Use relevance first and venue quality second. Quality scoring starts only after papers have been retrieved from Google Scholar MCP.

## Local Data Sources

Quality data is optional but recommended. Put these files in the skill's `data/` folder, set `SCHOLAR_QUALITY_DATA_DIR`, or pass `--data-dir` to `scripts/score_papers.py`.

- `journal_scores.json`: English journal name -> `name`, `quartile`, `if`, optional `csa_zone`.
- `ccf_conferences.json`: conference/journal acronym or full name -> `A`, `B`, `C`.
- `eiiRankingName.json`: EI source title -> `EI`.
- `chinese_journal_tags.json`: journal name -> tags such as `CSSCI`, `北大核心`, `科技核心`, `AMI核心`.

If these files are unavailable, keep the paper in the candidate table, leave quality fields empty, and mark the venue as `unknown venue`.

## Venue Matching

Normalize venue names before matching:

- lowercase;
- strip punctuation;
- decode `&amp;`;
- replace `and`/`&` consistently;
- collapse whitespace;
- compare exact normalized names first;
- for Chinese journal names only, allow conservative substring matching when both strings contain CJK characters and the quality-data key is long enough to avoid accidental matches.

Avoid broad fuzzy matching for English acronyms and journal names. It can create false positives, especially when a short acronym appears inside an unrelated venue title.

Do not delete papers only because a venue is unmatched. Mark `unknown venue`.

Do not create venue metrics from memory. If a venue cannot be matched to local JSON data, leave IF/rank fields empty or `unknown`.

## Default Output Size

For normal searches, return the top 50 deduped Google Scholar papers after ranking.
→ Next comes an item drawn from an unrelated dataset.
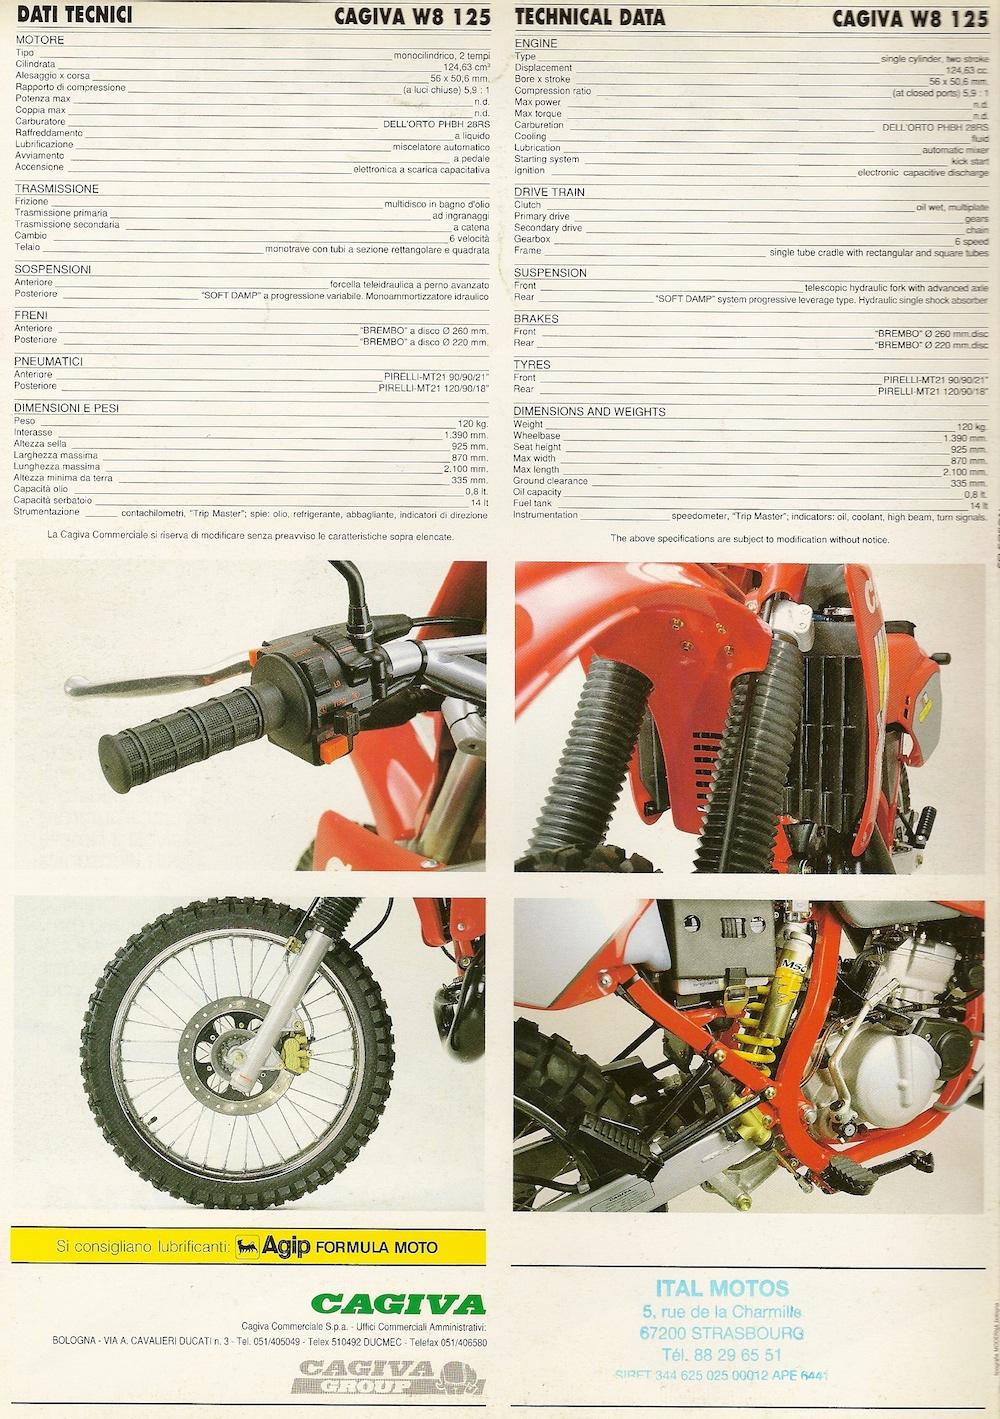 Cagiva W8 125 (1)

If the candidate pool has more than 50 records, keep the full pool internally but show the best 50. If fewer than 50 records are available, report the actual count and why expansion stopped.

## Quality Signals

Strong signals:

- CCF A;
- JCR Q1;
- CAS zone 1;
- CSSCI;
- 北大核心;
- high-impact journal in `journal_scores`.

Good signals:

- CCF B;
- JCR Q2;
- CAS zone 2;
- EI;
- 科技核心;
- AMI核心.

Weak or unknown signals:

- no venue match;
- unclear proceedings;
- missing venue;
- source title does not map to known data.

## Recommendation Tiers

Use:

- `Core`: high relevance + strong source quality.
- `Priority`: relevant + good source quality.
- `Reference`: relevant but source quality unknown/modest.
- `Check`: promising but missing abstract/venue/access information.
- `Remove`: weak relevance or not useful for the user's question.

## Sorting Order

Sort within the final table by:

1. recommendation tier;
2. relevance score;
3. venue quality score;
4. Google Scholar citation count;
5. publication year.

This prevents famous but weakly related papers from outranking directly relevant papers, while still rewarding authoritative venues and highly cited work.

## Reason Templates

Use concise reasons:

- "Highly relevant to the topic; Q1 journal and CAS zone 1."
- "Relevant method paper; CCF A conference."
- "Useful background review; high citation count but venue unmatched."
- "Potentially relevant from title only; abstract needs manual check."
- "Venue quality is strong, but topic fit appears weak."